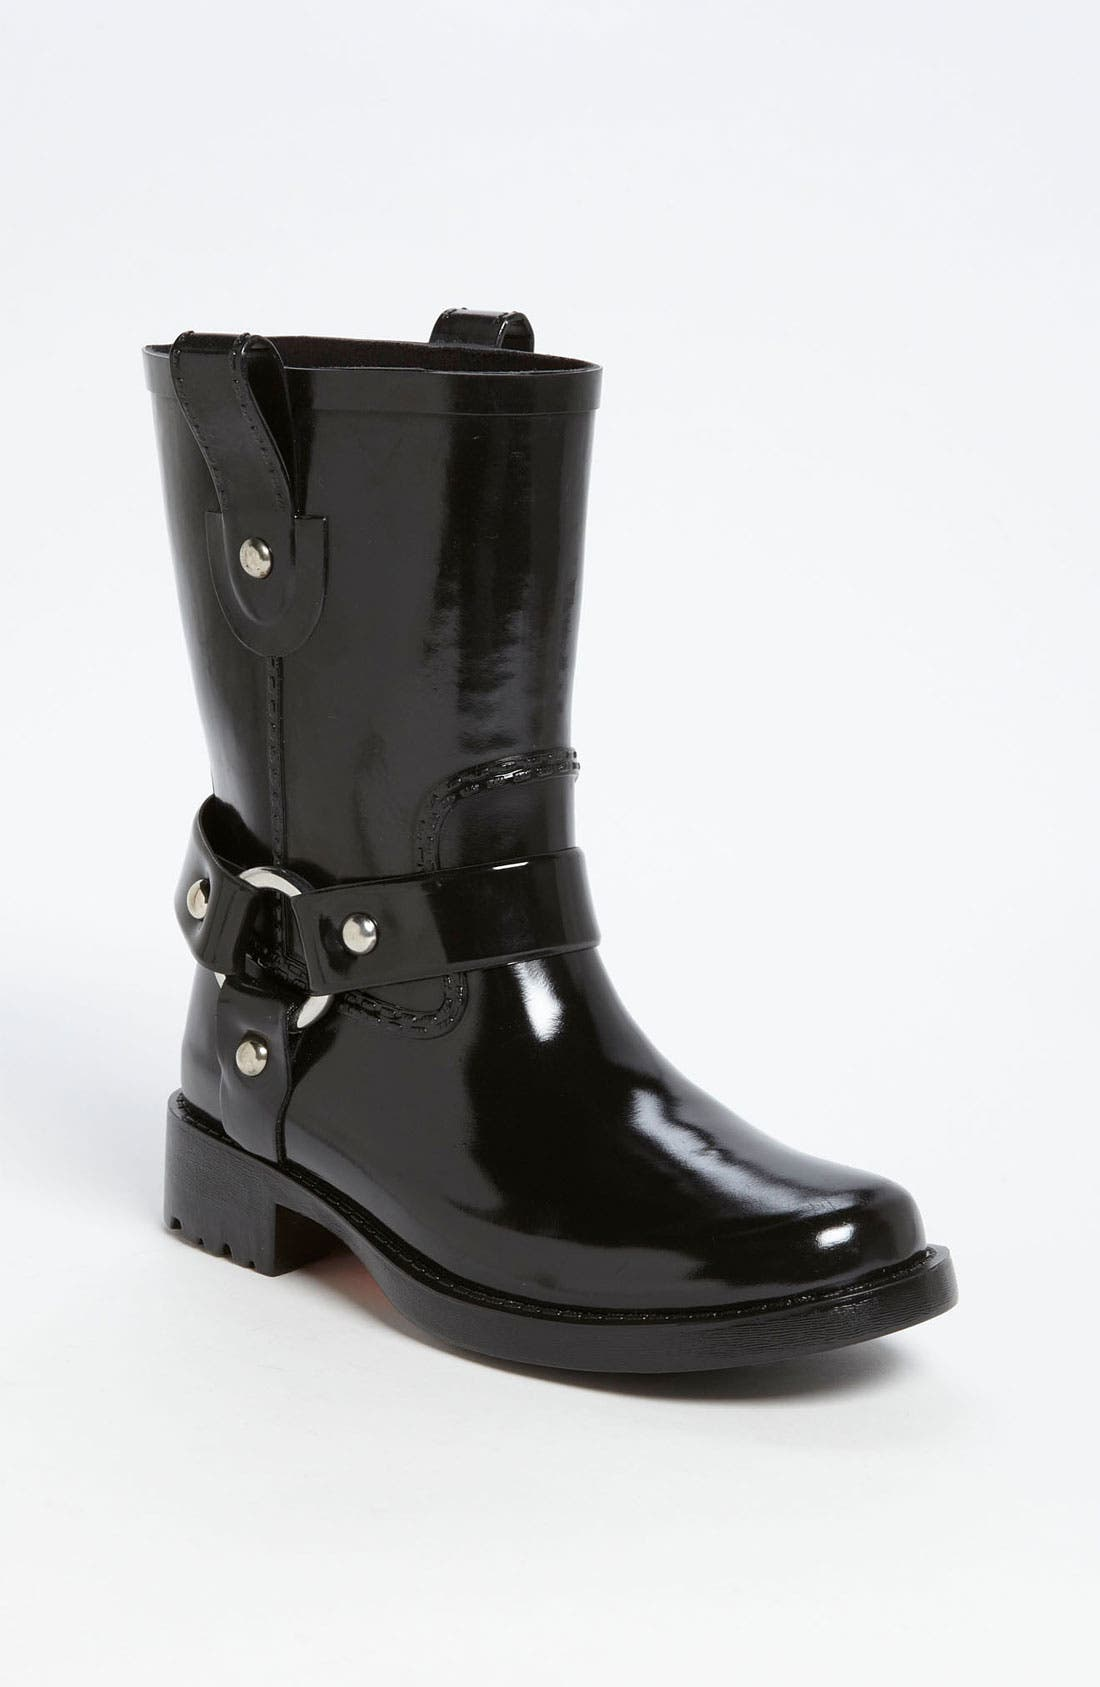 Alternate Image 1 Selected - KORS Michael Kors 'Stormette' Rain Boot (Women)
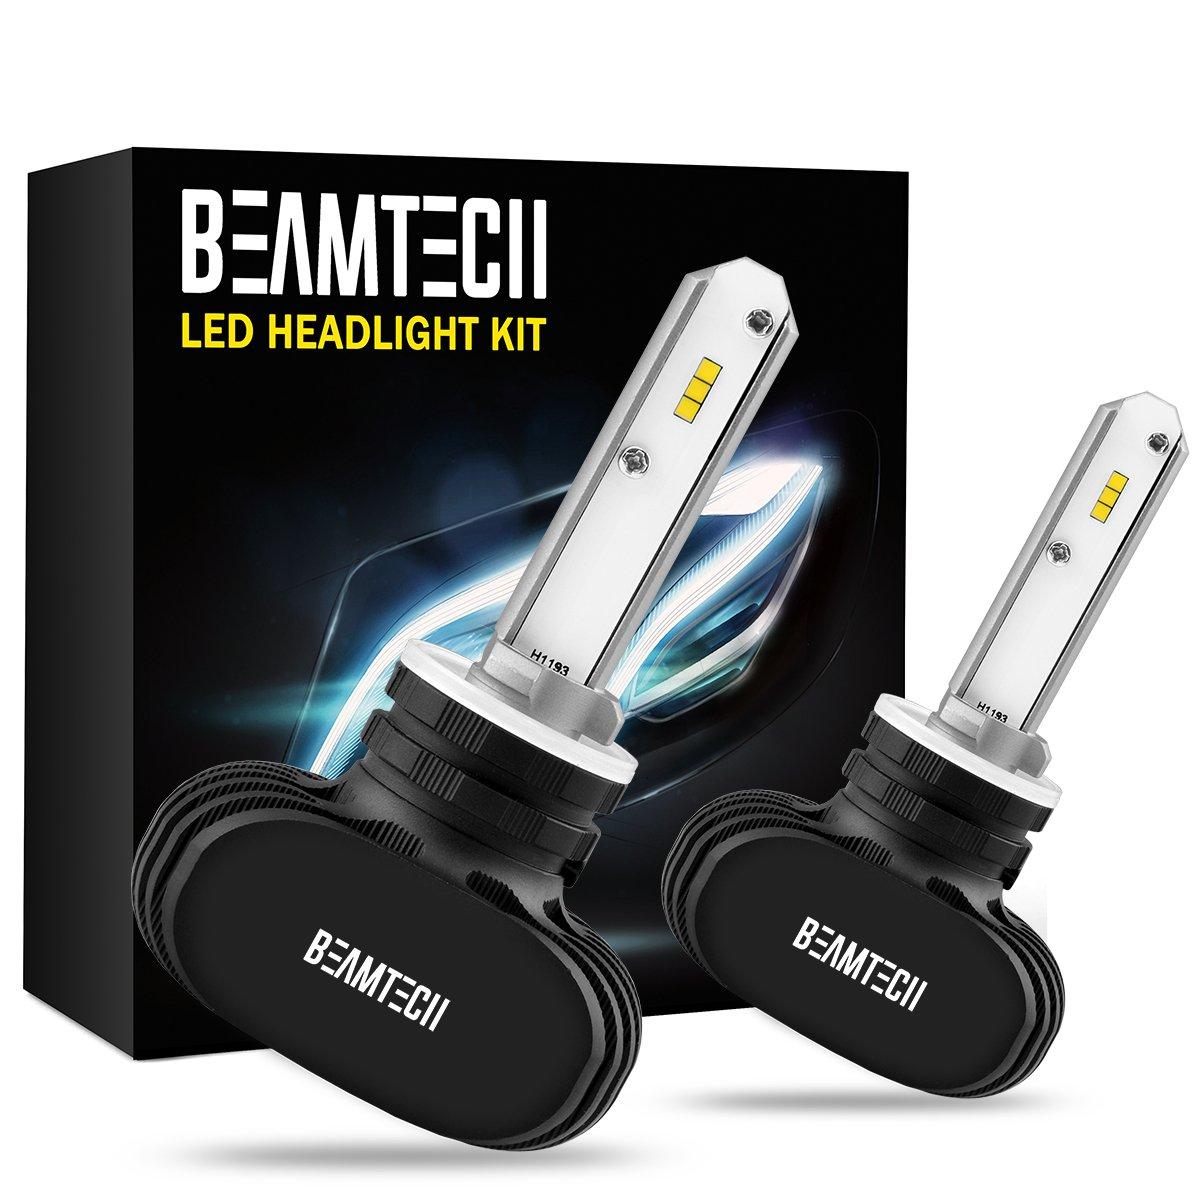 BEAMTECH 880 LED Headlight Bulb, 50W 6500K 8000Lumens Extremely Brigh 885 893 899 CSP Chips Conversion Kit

--

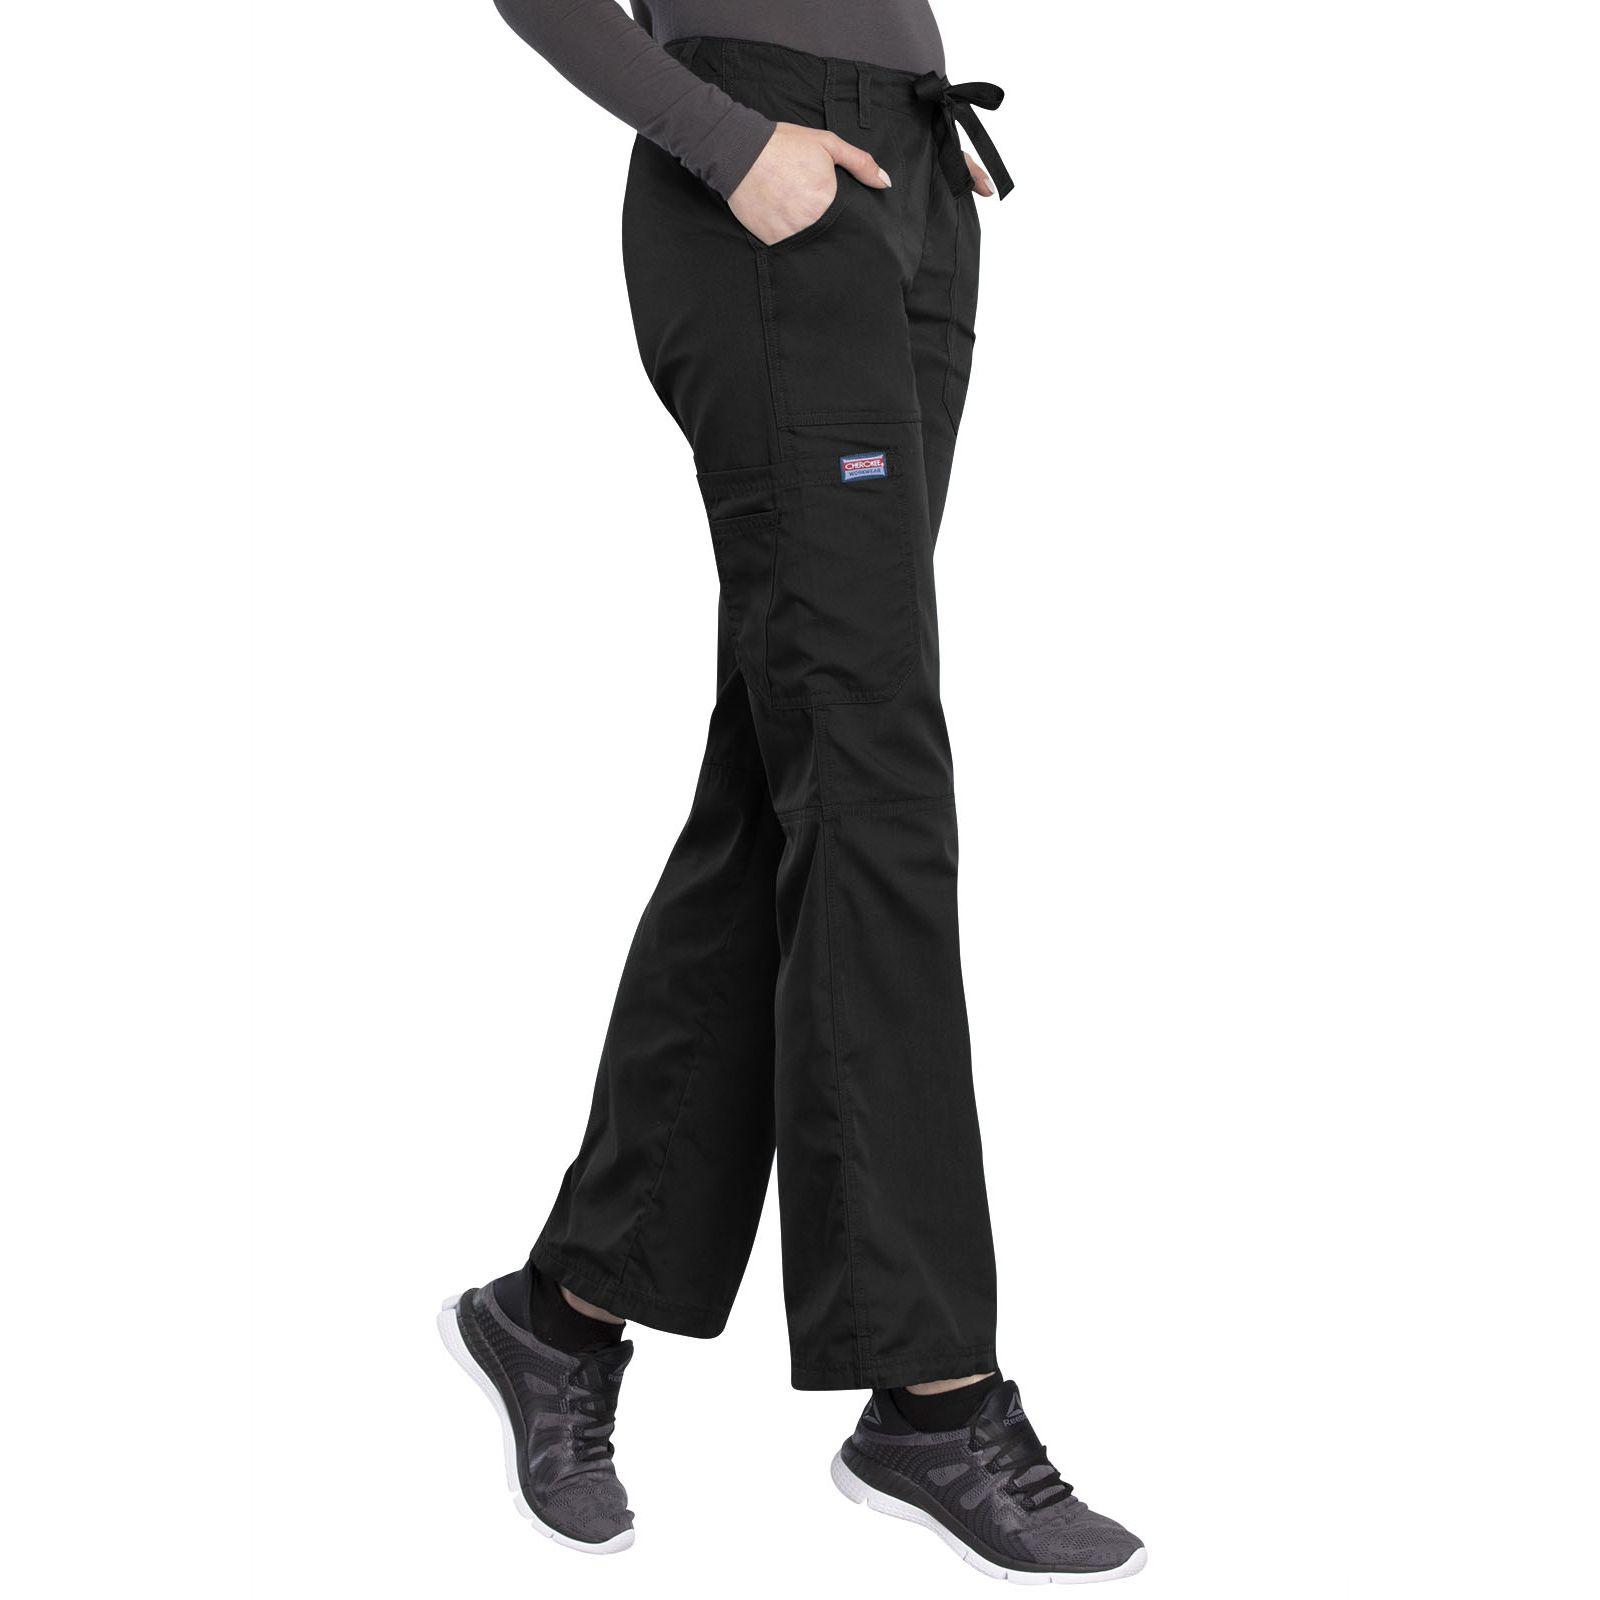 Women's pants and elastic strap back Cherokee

...

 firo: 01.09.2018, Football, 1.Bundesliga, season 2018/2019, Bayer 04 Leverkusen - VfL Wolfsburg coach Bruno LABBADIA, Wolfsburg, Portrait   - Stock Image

- **Work order**: Above are records; repeat only the lines from the line with "Alternate Image 1" through the line with "BEAMTECH 880 LED", and leave pictures out.

- **Result of this task**:
 Alternate Image 1 Selected - KORS Michael Kors 'Stormette' Rain Boot (Women)
 BEAMTECH 880 LED Headlight Bulb, 50W 6500K 8000Lumens Extremely Brigh 885 893 899 CSP Chips Conversion Kit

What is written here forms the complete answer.